Message par Youle le 27/2/2008, 16:31

La robe était blanche. Pure. Limpide. Ma fille de six ans me la réclamait depuis des lustres. Dans la boutique, rue des Amarres, chaque fois que nous passions, j'avais le droit au même cirque. Elle passait devant en rentrant de l'école. Et chaque fois, elle hurlait, elle criait, elle gesticulait devant cette vitrine.
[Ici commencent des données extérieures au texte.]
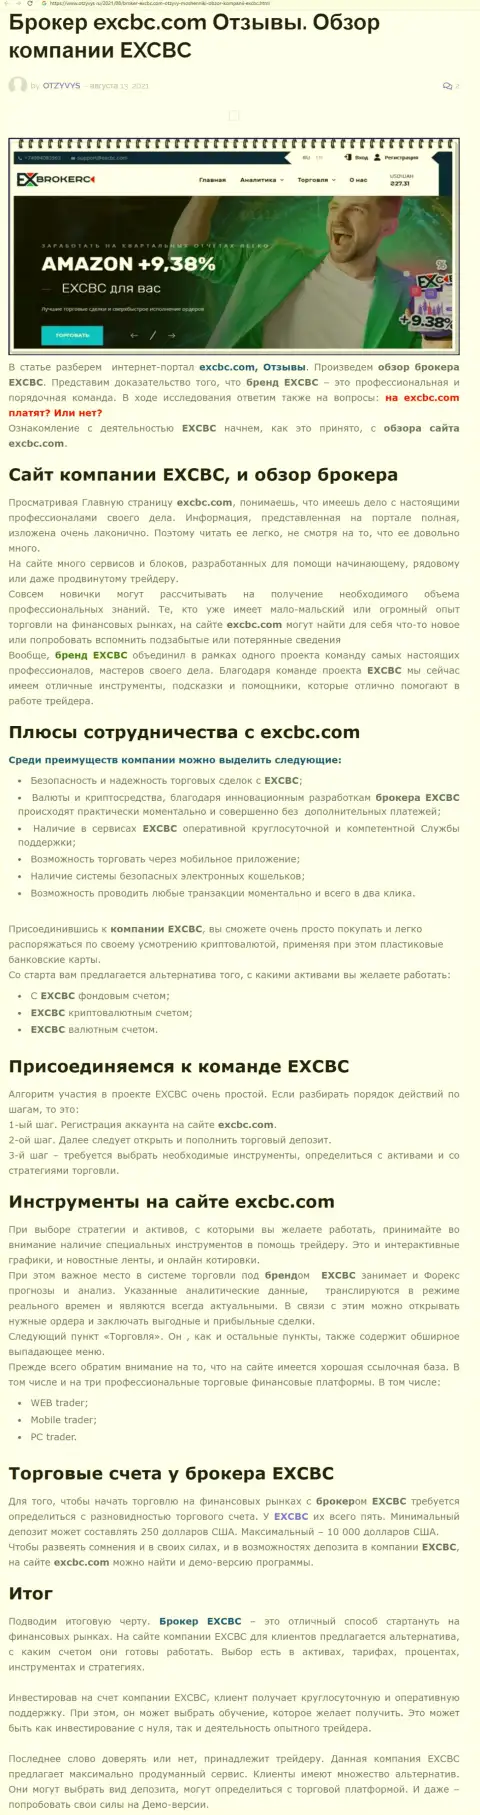 Обзорный материал о Форекс компании EXCBC на web-сайте otzyvys ru

Et chaque fois je résistais.
- Papa ! Papa ! regarde, c'est exactement la robe que je veux ! je veux cette robe ! c'est celle-là !
- Oui ma chérie, répondai-je alors, pour atténuer ses cris. On verra, on verra. Tu demanderas à maman. Pour ton anniversaire, peut-être, on verra.
- Mais je la veux tout de suite, je l'adore trop ! hurlait-elle, machonnant à moitié une sucette.
- Fais pas ta petite fille gâtée, Suzanne. Arrête je t'ai dit.
C'était là tout l'embarras d'un père. Plaire à sa fille en maintenant ses gardes, résister, continuellement. Donner des gages de mon amour, à travers d'autres signes que des achats, des bonbons, des poupées. Des robes.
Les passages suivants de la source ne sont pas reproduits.